(Records to use)
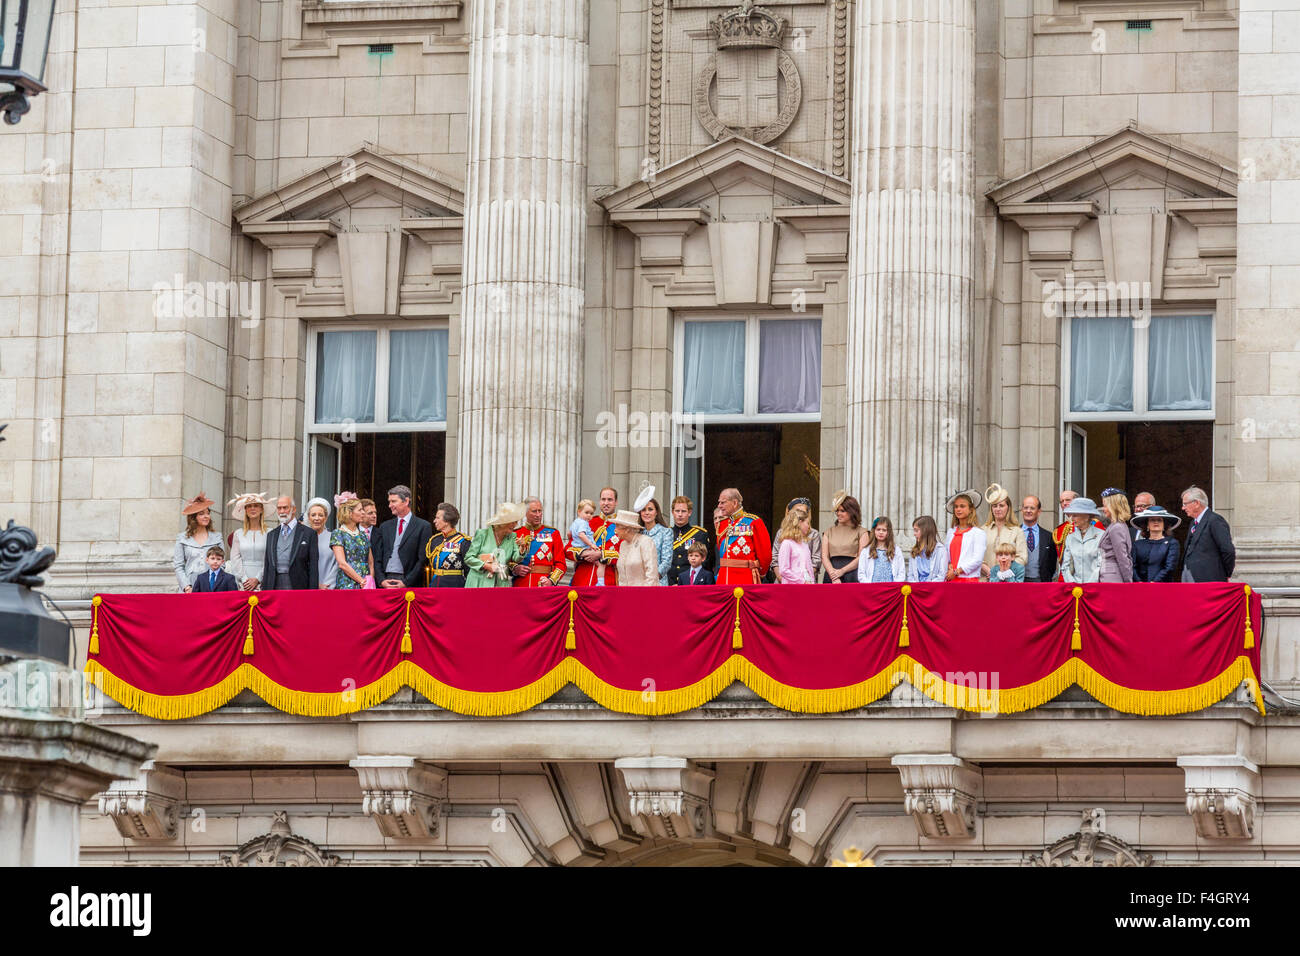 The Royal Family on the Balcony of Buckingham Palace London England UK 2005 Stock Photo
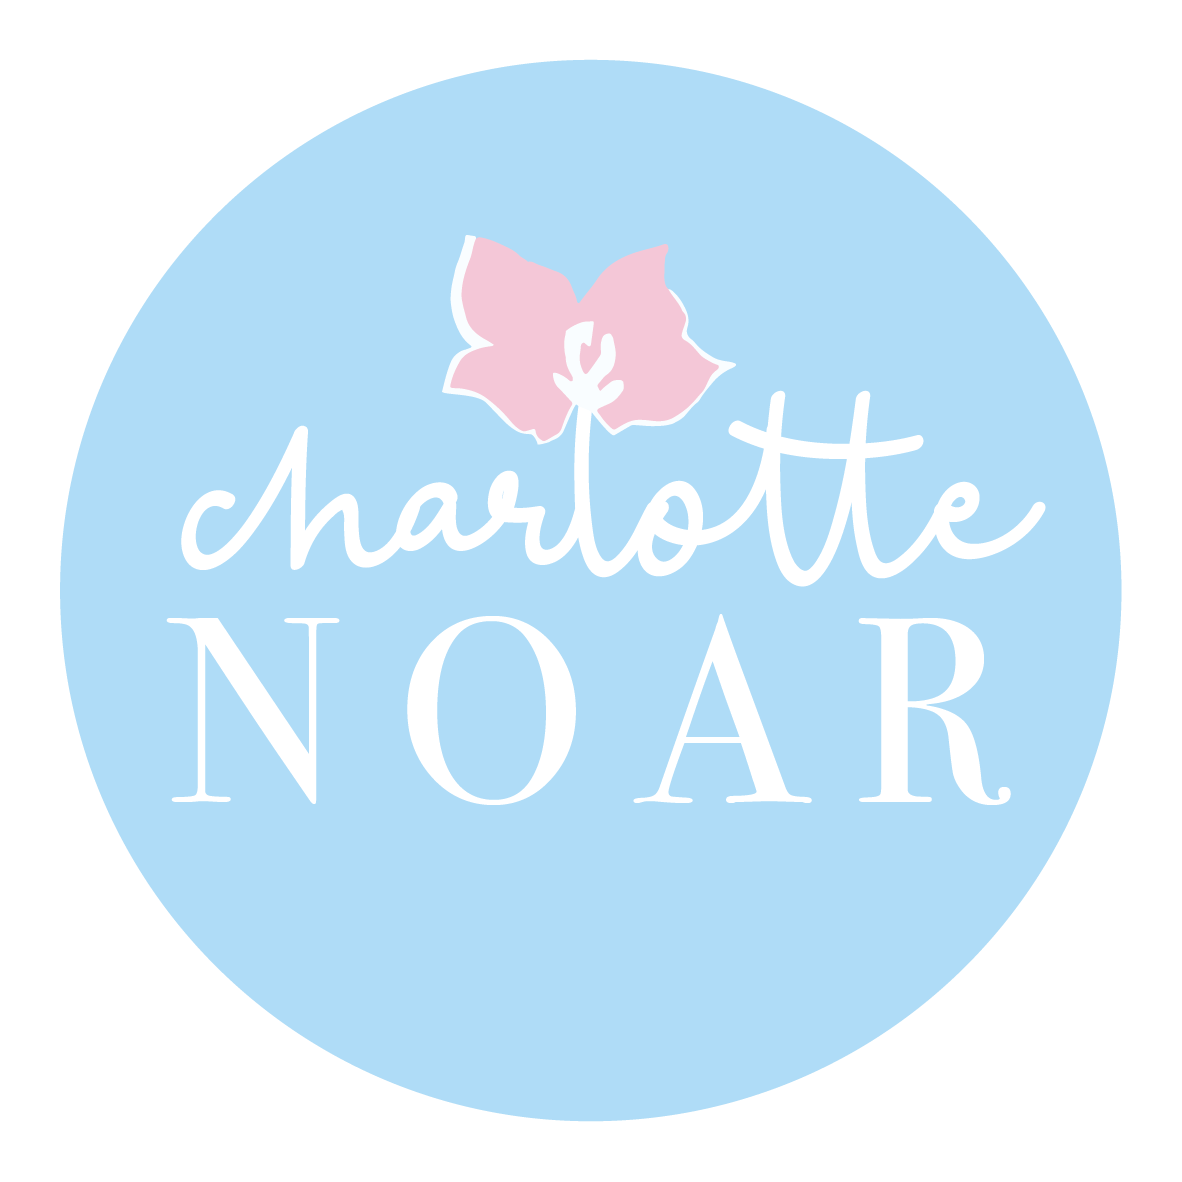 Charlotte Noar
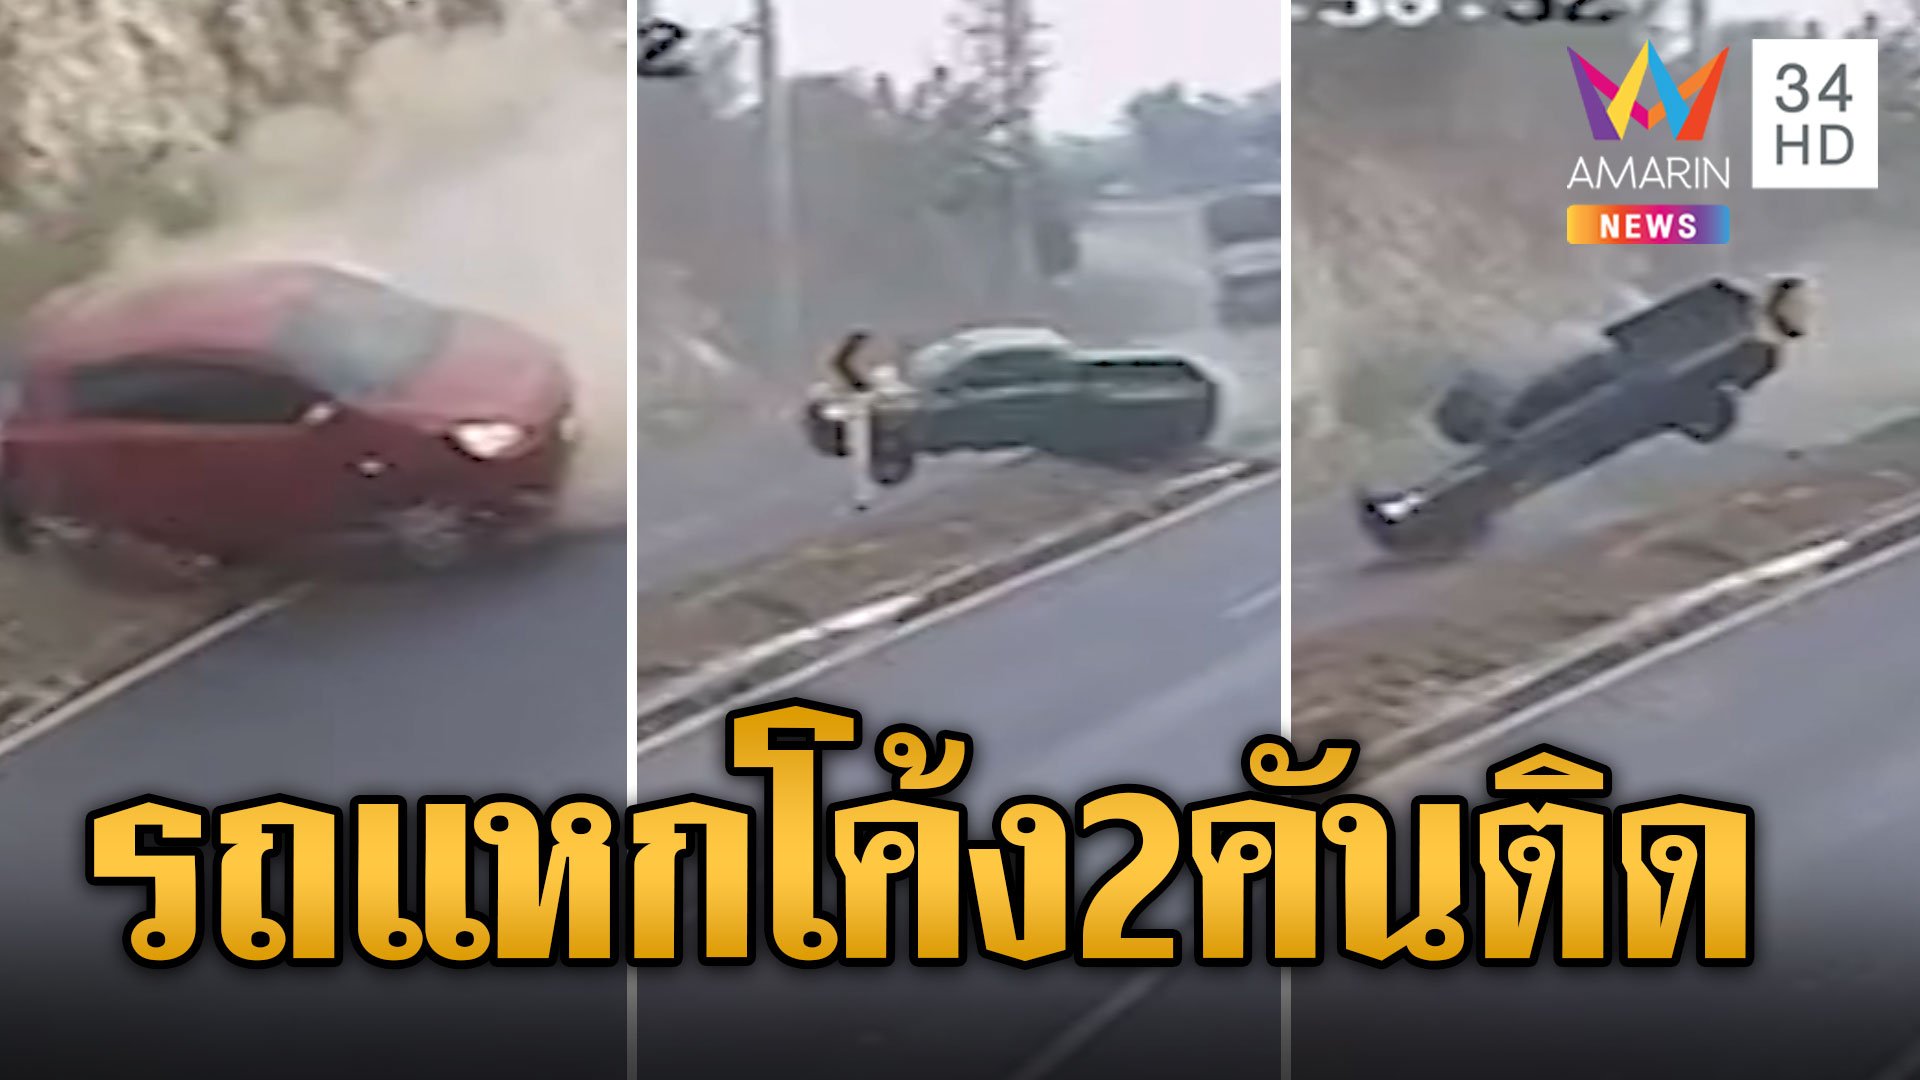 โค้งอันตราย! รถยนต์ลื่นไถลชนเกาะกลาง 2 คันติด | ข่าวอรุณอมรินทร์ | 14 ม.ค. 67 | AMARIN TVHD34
(End Records to use)
(Records to use)
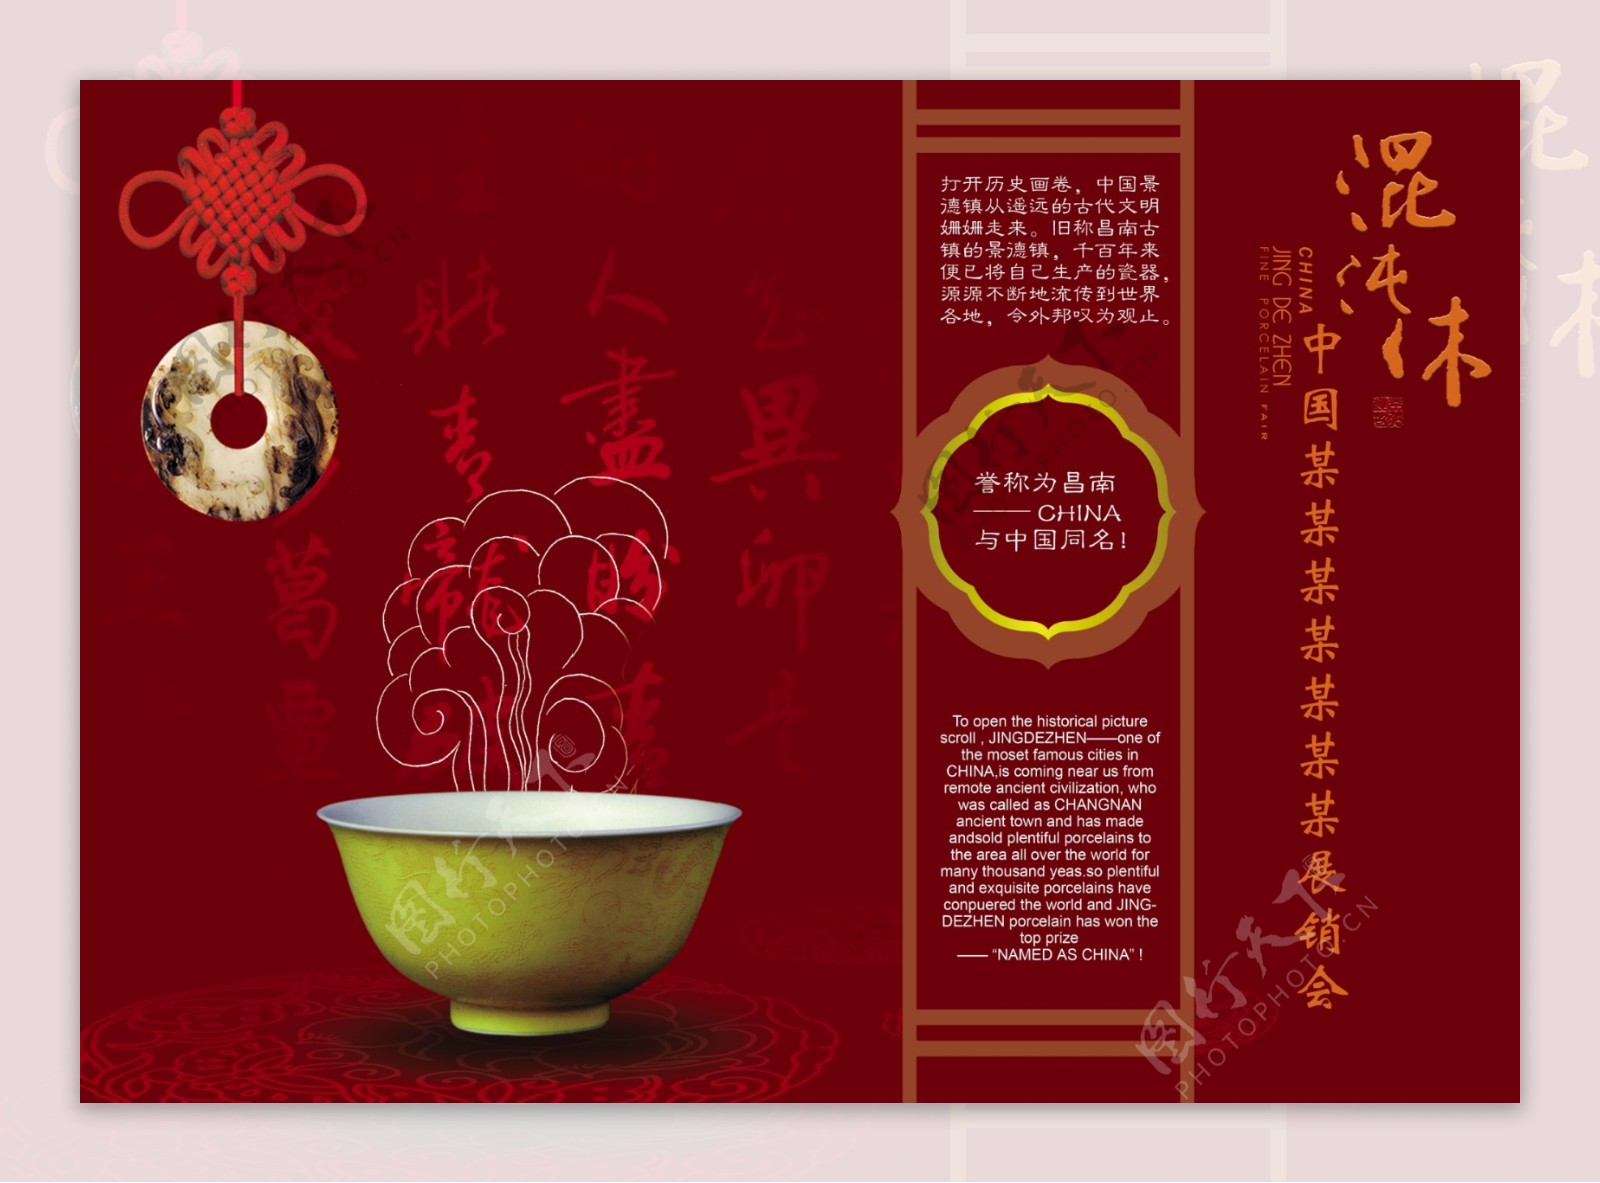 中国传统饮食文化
(End Records to use)
**What you have to do**. Every line from the one with "Charlotte Noar" through the one with "โค้งอันตราย! รถยนต์ลื่นไถลชนเกาะกลาง 2" is to be reproduced exactly as written above, and the pictures are to be dropped.

**Completed task**.
 Charlotte Noar
 โค้งอันตราย! รถยนต์ลื่นไถลชนเกาะกลาง 2 คันติด | ข่าวอรุณอมรินทร์ | 14 ม.ค. 67 | AMARIN TVHD34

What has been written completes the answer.